What the task requires
The exercise calls for the lines from the one containing "Luke 10:3 Go!" to the end of the data below to be output exactly, pictures excluded.

------ Information provided

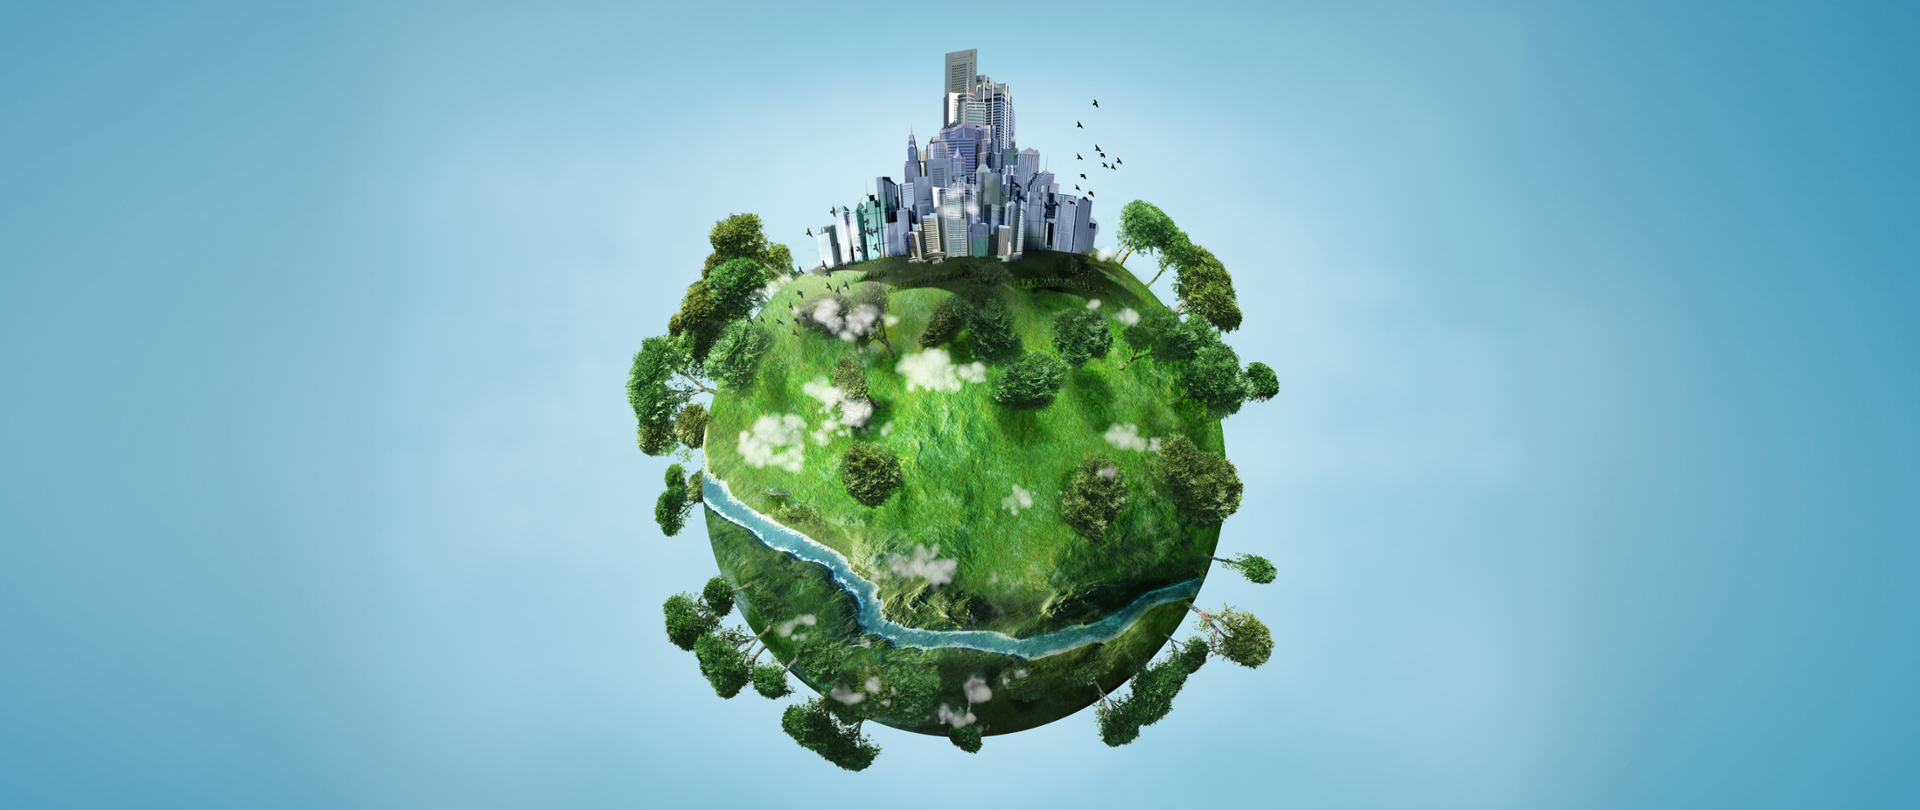 Wizualizacja kuli ziemskiej z miastem, drzewami i rzeką.
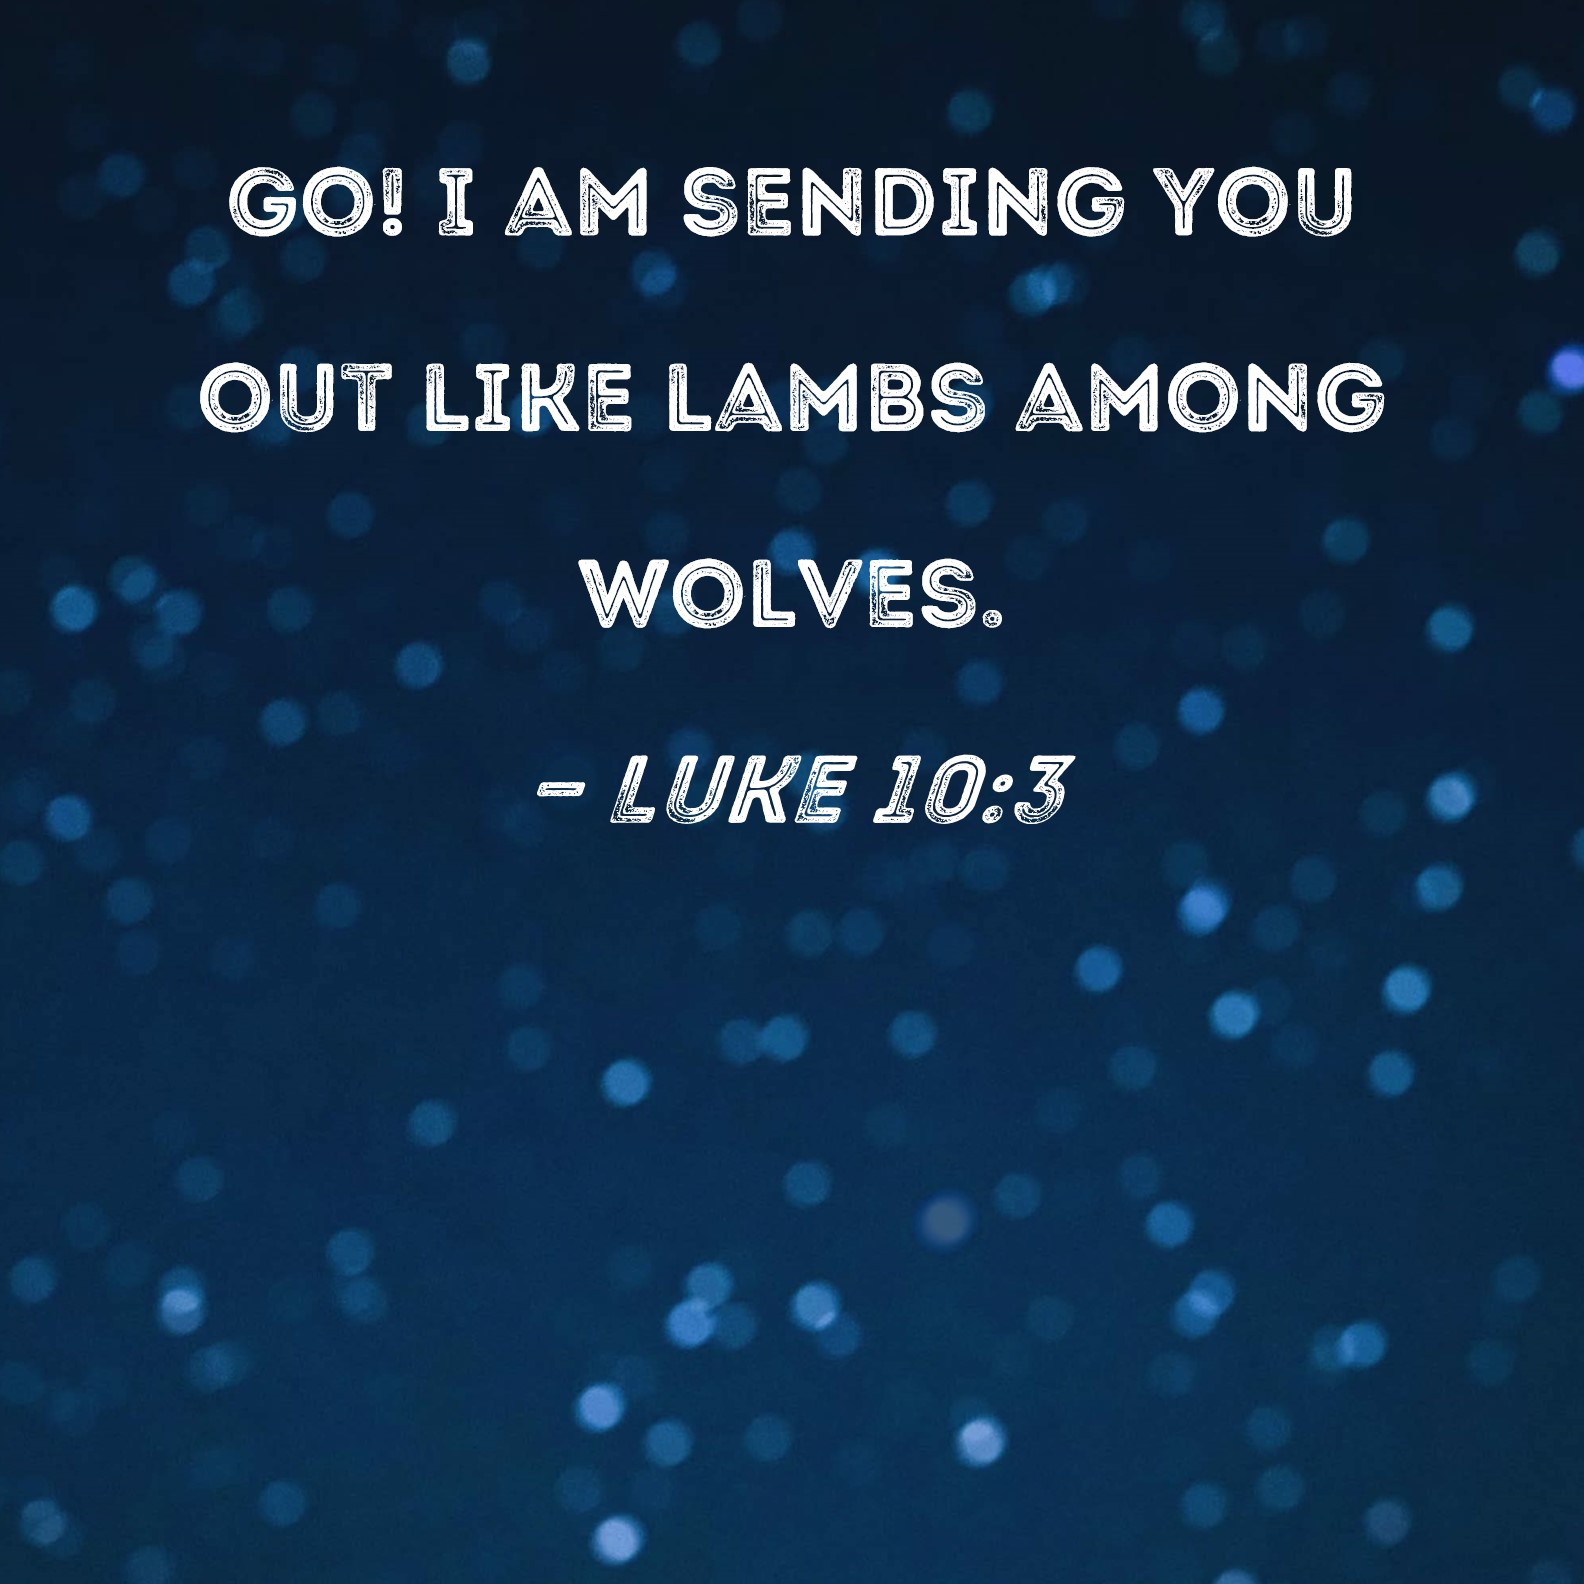 Luke 10:3 Go! I am sending you out like lambs among wolves.
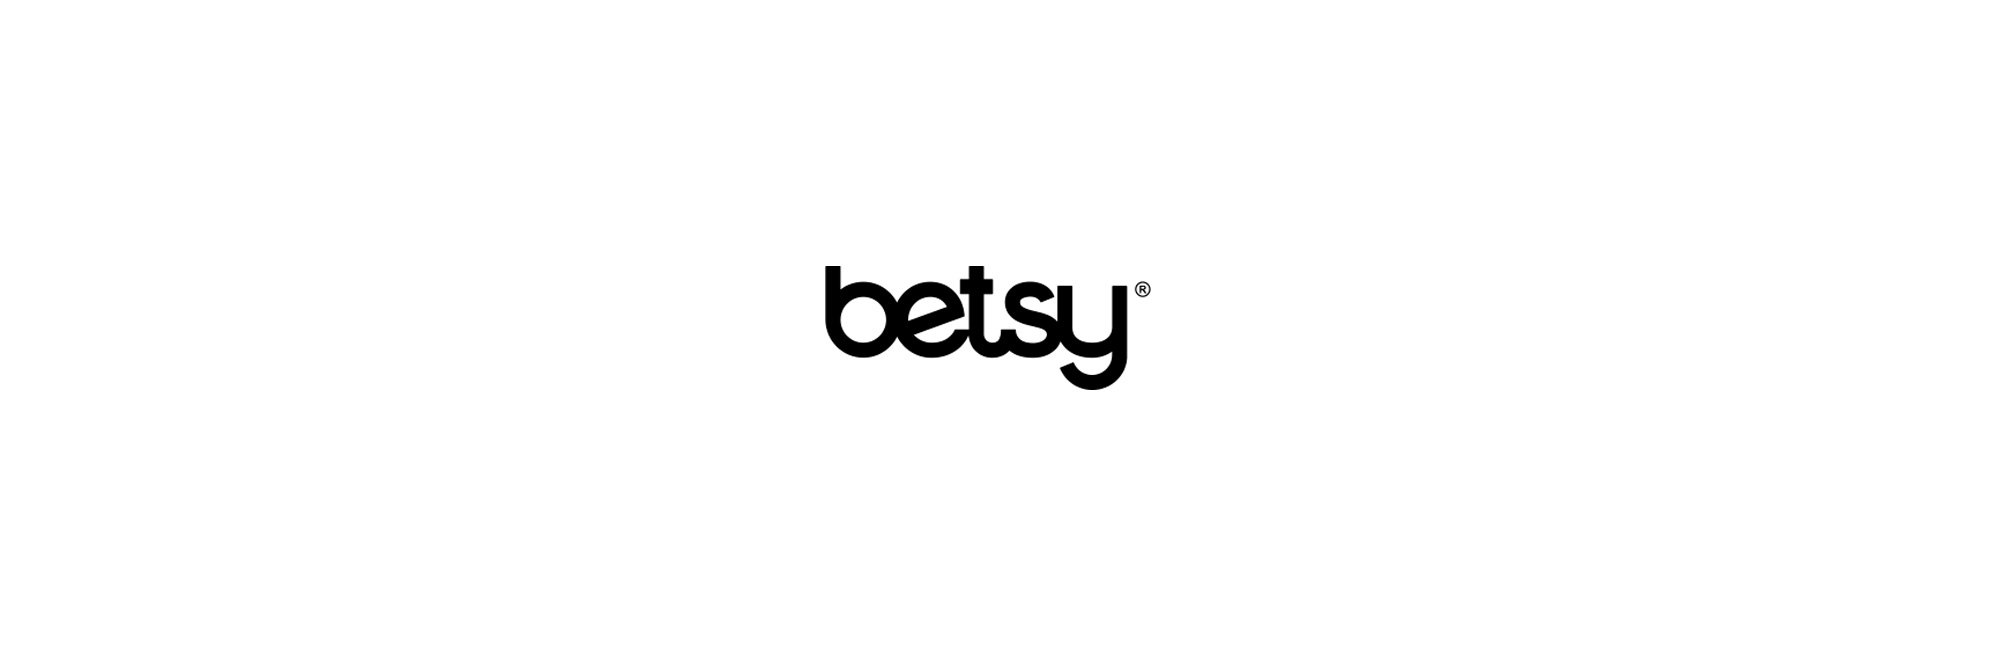 Съемка и монтаж видео для бренда обуви BETSY

------------

Expected output
 Luke 10:3 Go! I am sending you out like lambs among wolves.
 Съемка и монтаж видео для бренда обуви BETSY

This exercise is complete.